Patient Num: 1000000112 (repeated), Gender: Black Male, Age: 12 years, Race: Black

Encounter: 477645, Visit Date: 06/10/2005

Summary:
A summary is repeated from the previous note as it covers a relevant patient under consideration.

Plan:
As previously stated, this plan involves increasing the dosage of inhaled corticosteroids in combination with his inhaler therapy for asthma management. Respiration monitoring and preventive health measures including vaccinations are emphasized.

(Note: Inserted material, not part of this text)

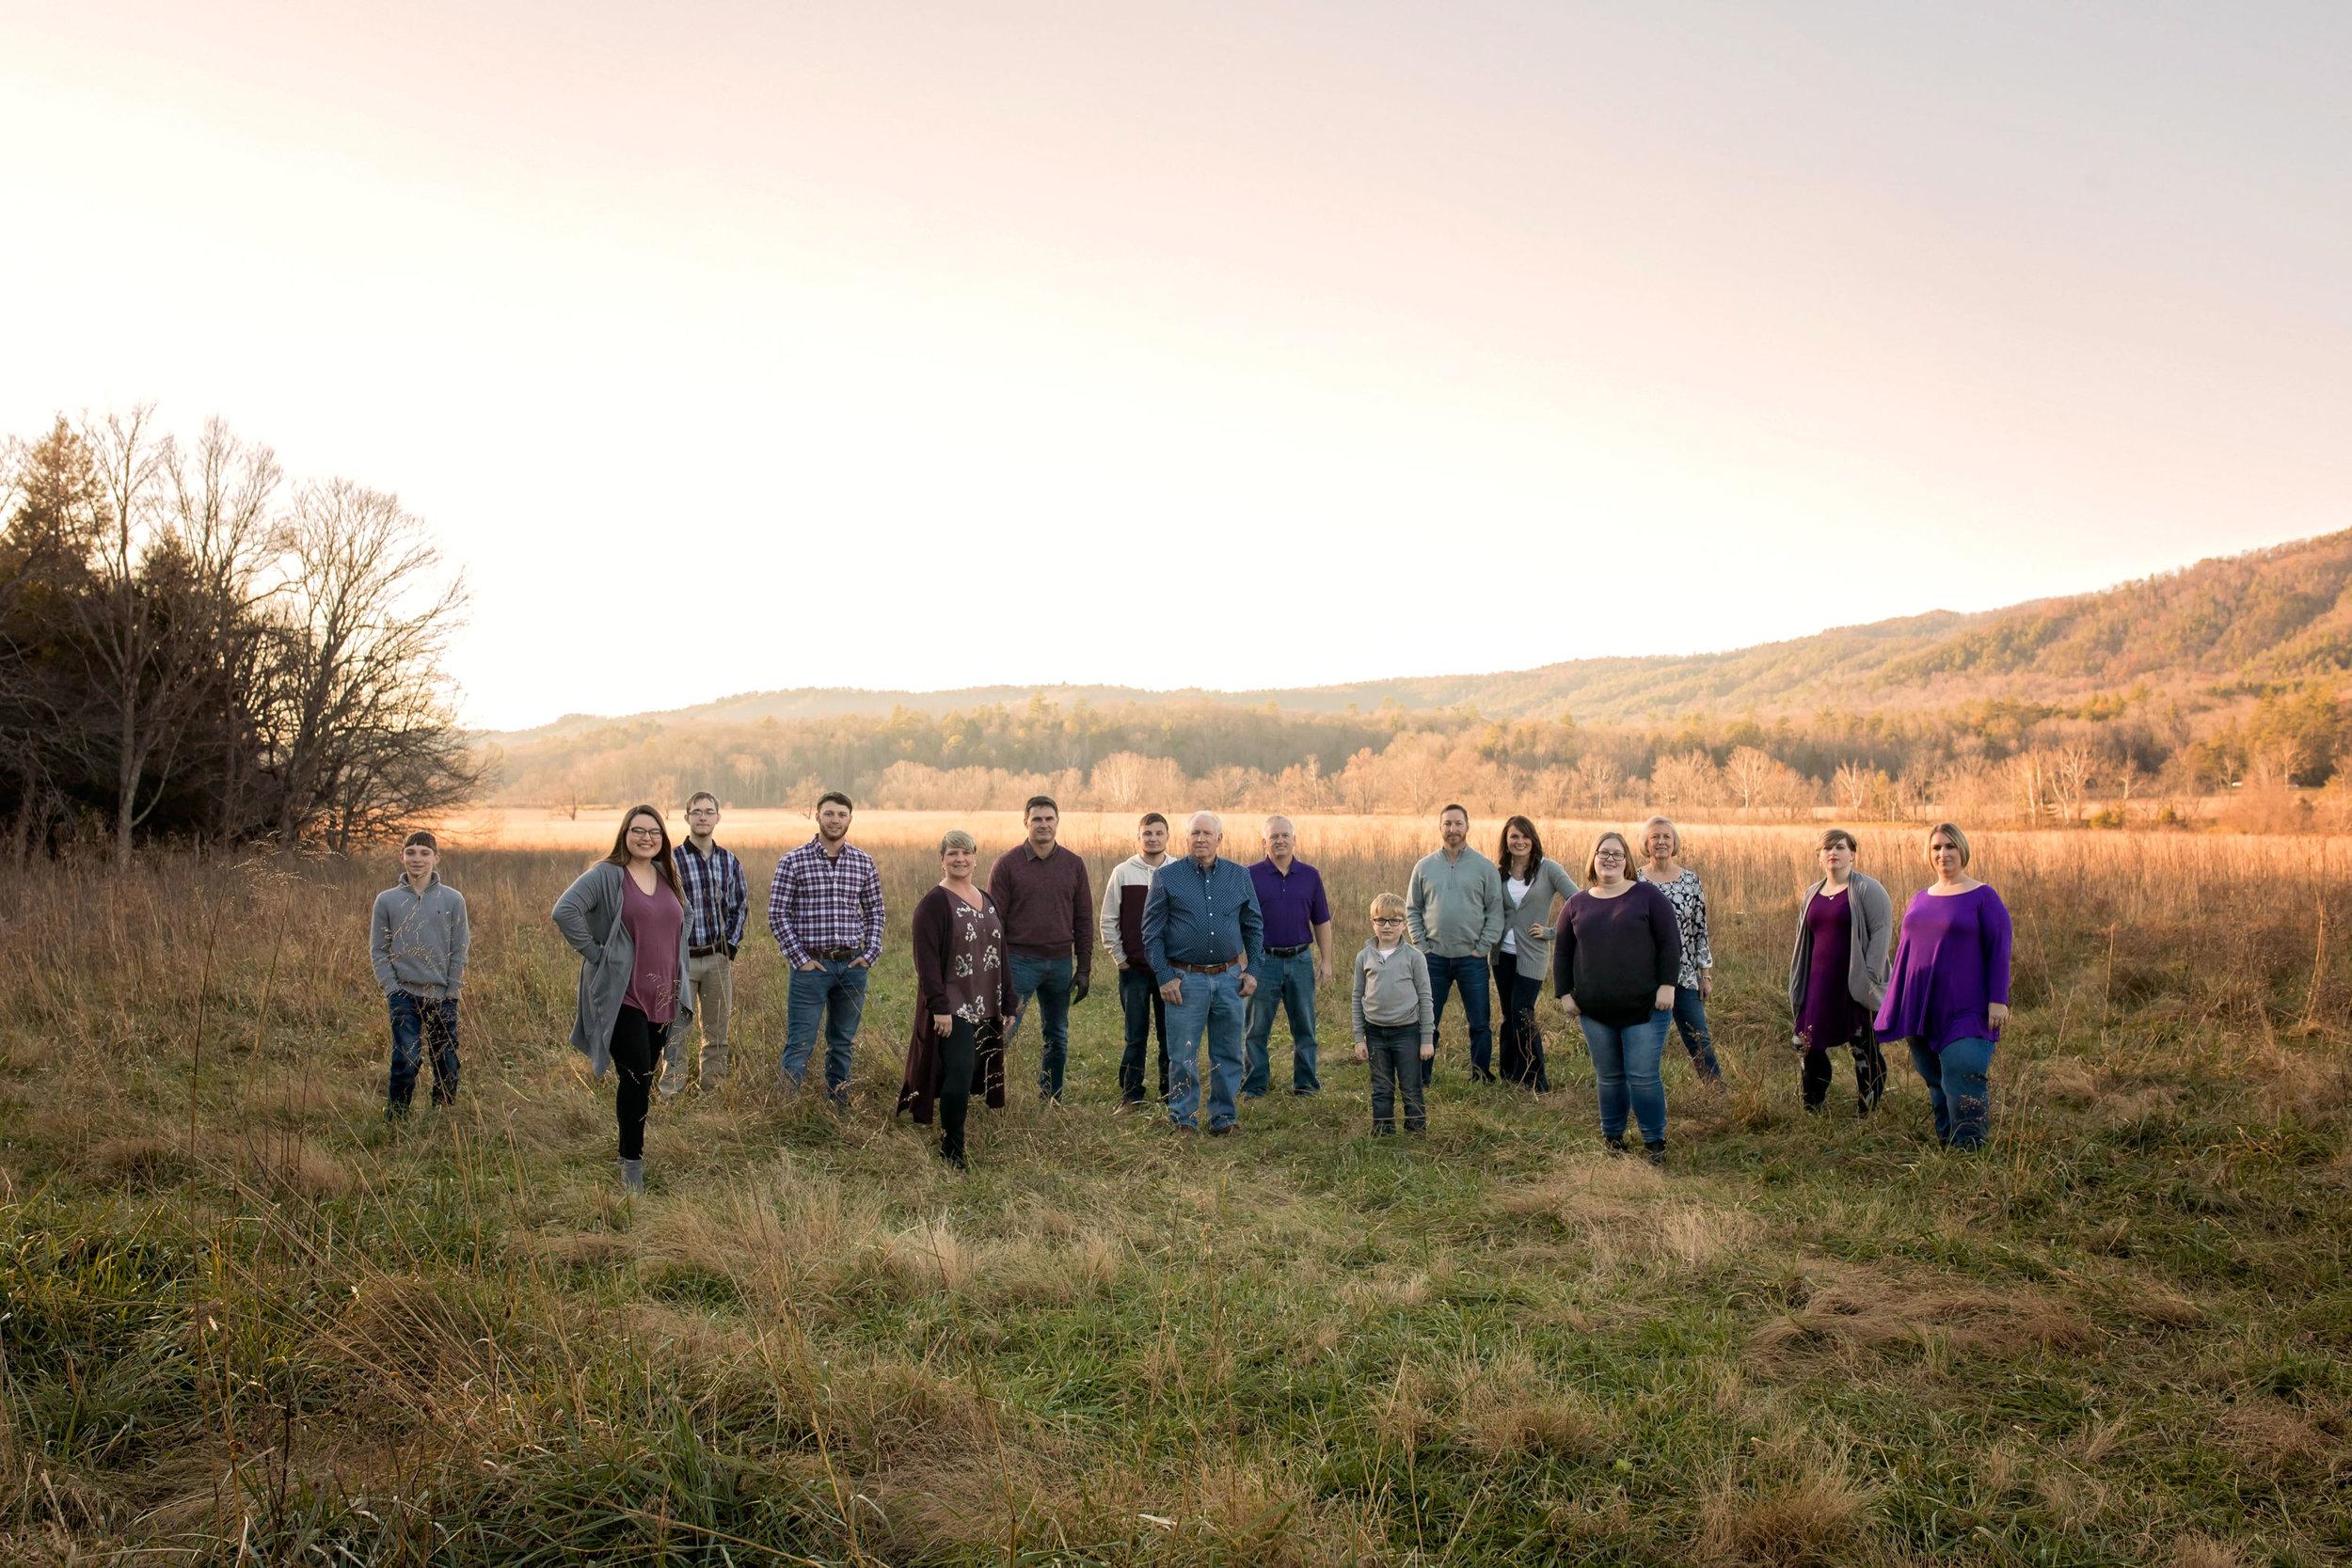 gatlinburg-family-reunion-photographhy-extended-family.jpg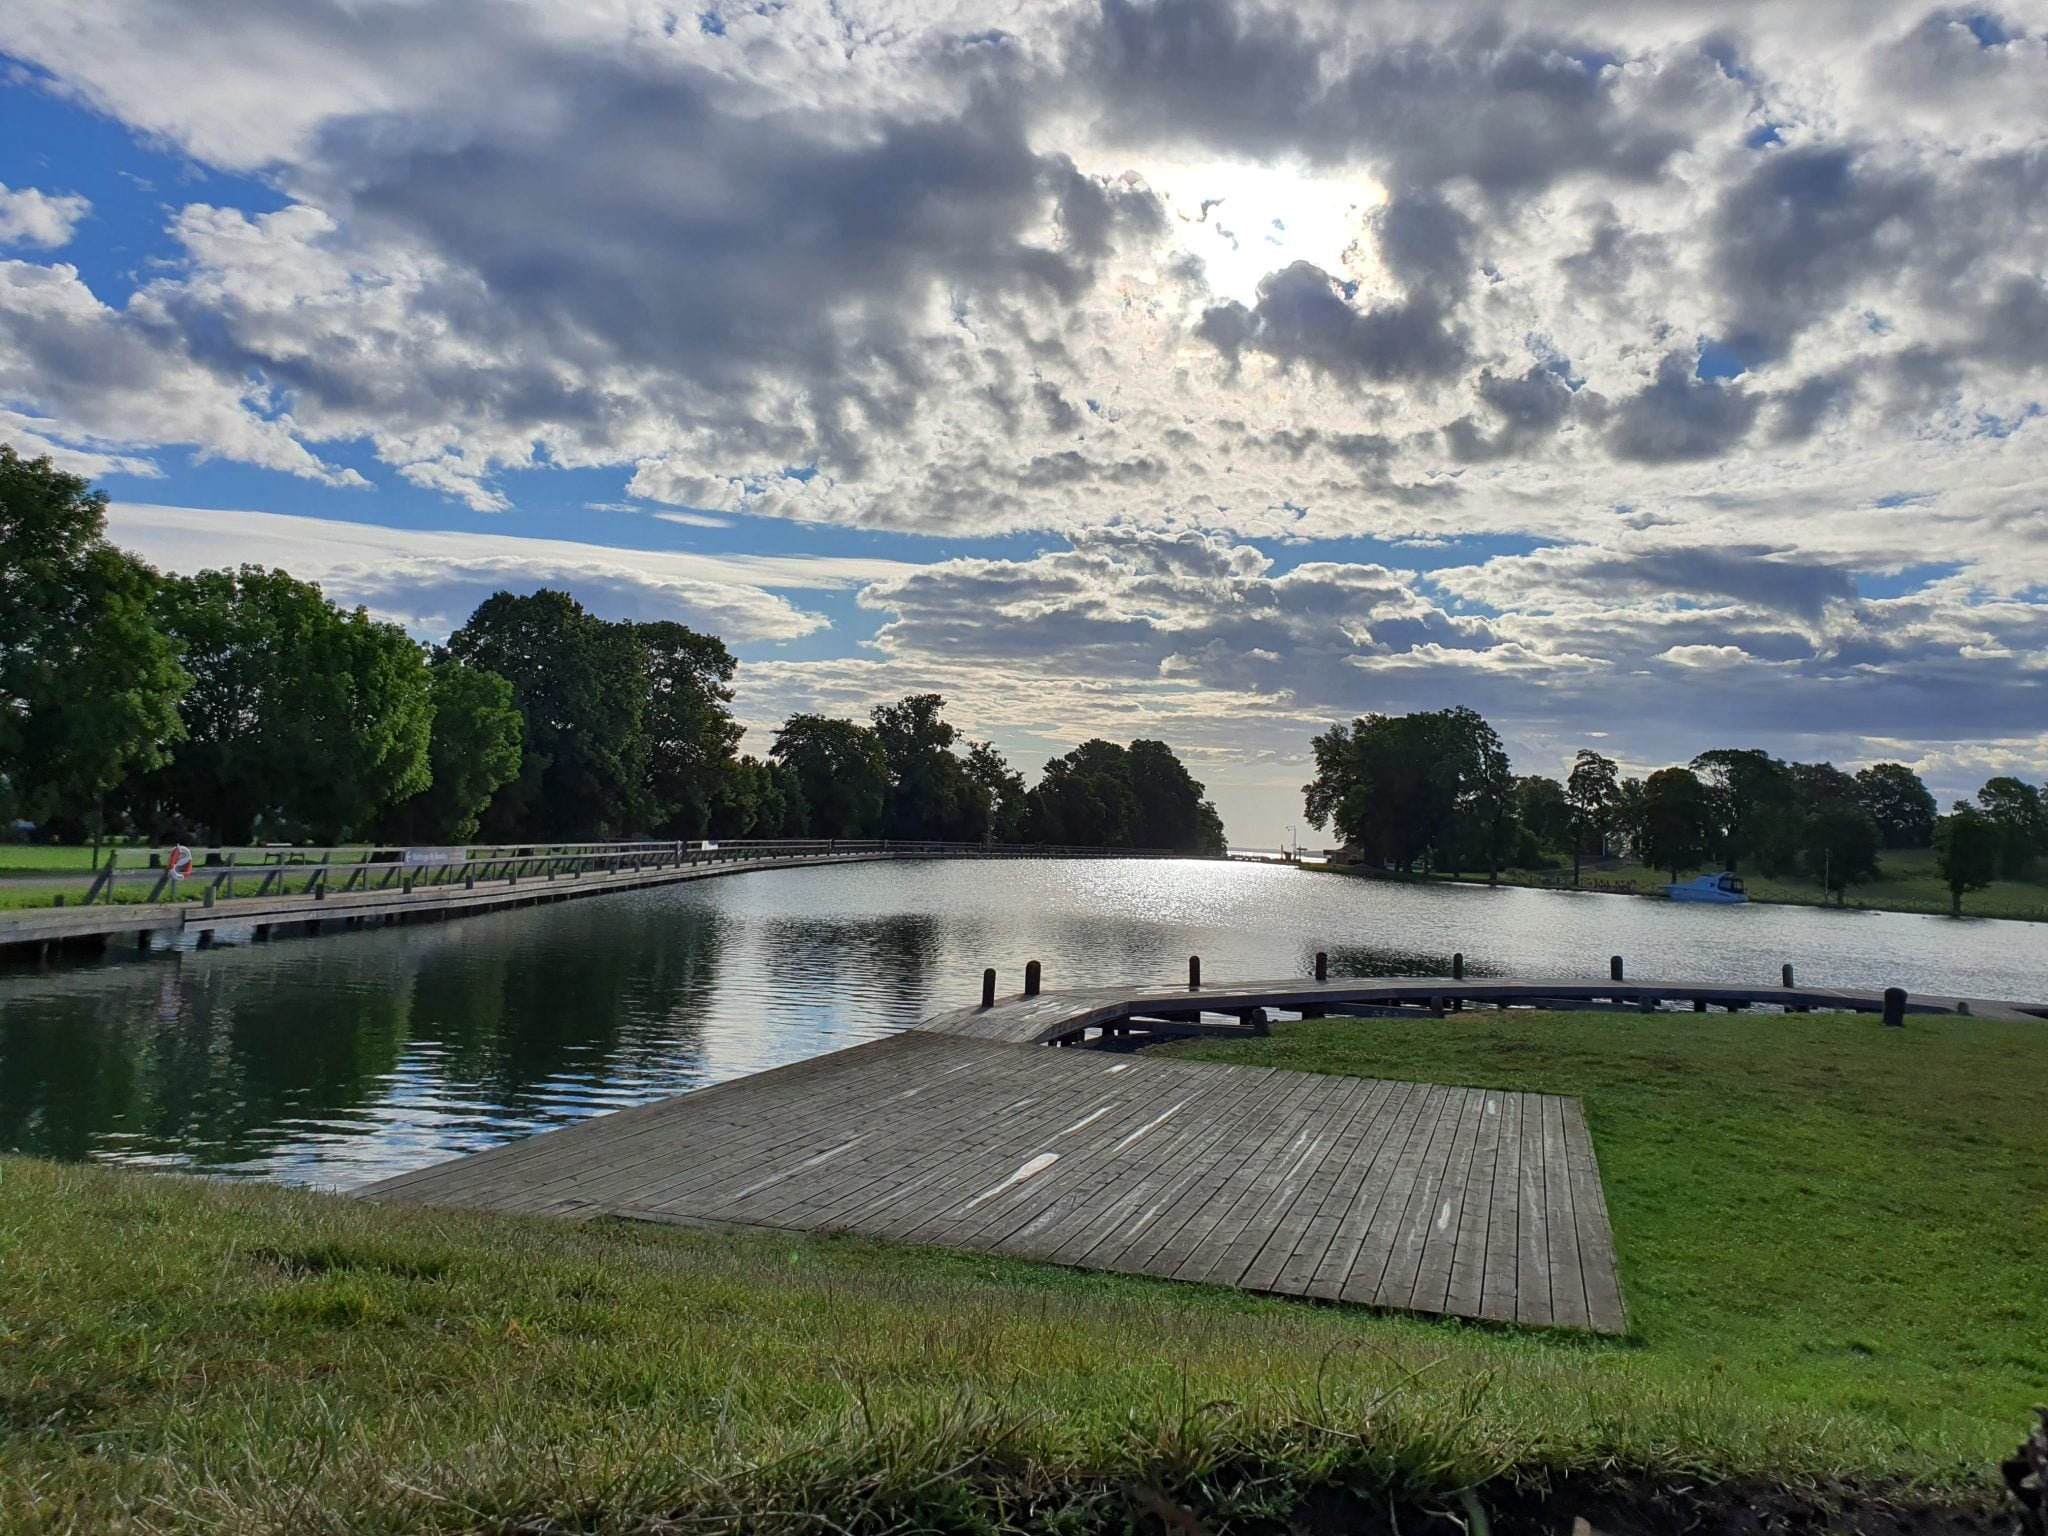 Bergs Slussar, Linköping

Patient Num: 1000000110 (repeated), Gender: Hispanic Male, Age: 36 years, Race: Hispanic

Encounter: 481878, Visit Date: 11/13/2008

Summary:
A summary is repeated from the previous note as it covers a relevant patient under consideration.

Plan:
Continued management includes maintaining the prescribed asthma medication regimen while adding Augmentin for acute sinusitis that persists beyond 1-2 weeks. Non-pharmacological strategies are recommended for anxiety and backache, including Atarax on an as-needed basis and Ibuprofen as needed. There is also a plan to monitor mononeuritis symptoms, potentially requiring further neurologic evaluation if they persist or worsen.

Regarding the instructions provided:

Yes, only the most recent note for each patient (identified by patient_num) has been included in this response. The summaries provide key details pertinent to their conditions, such as asthma management and coexisting conditions, along with specific plans tailored to their health issues.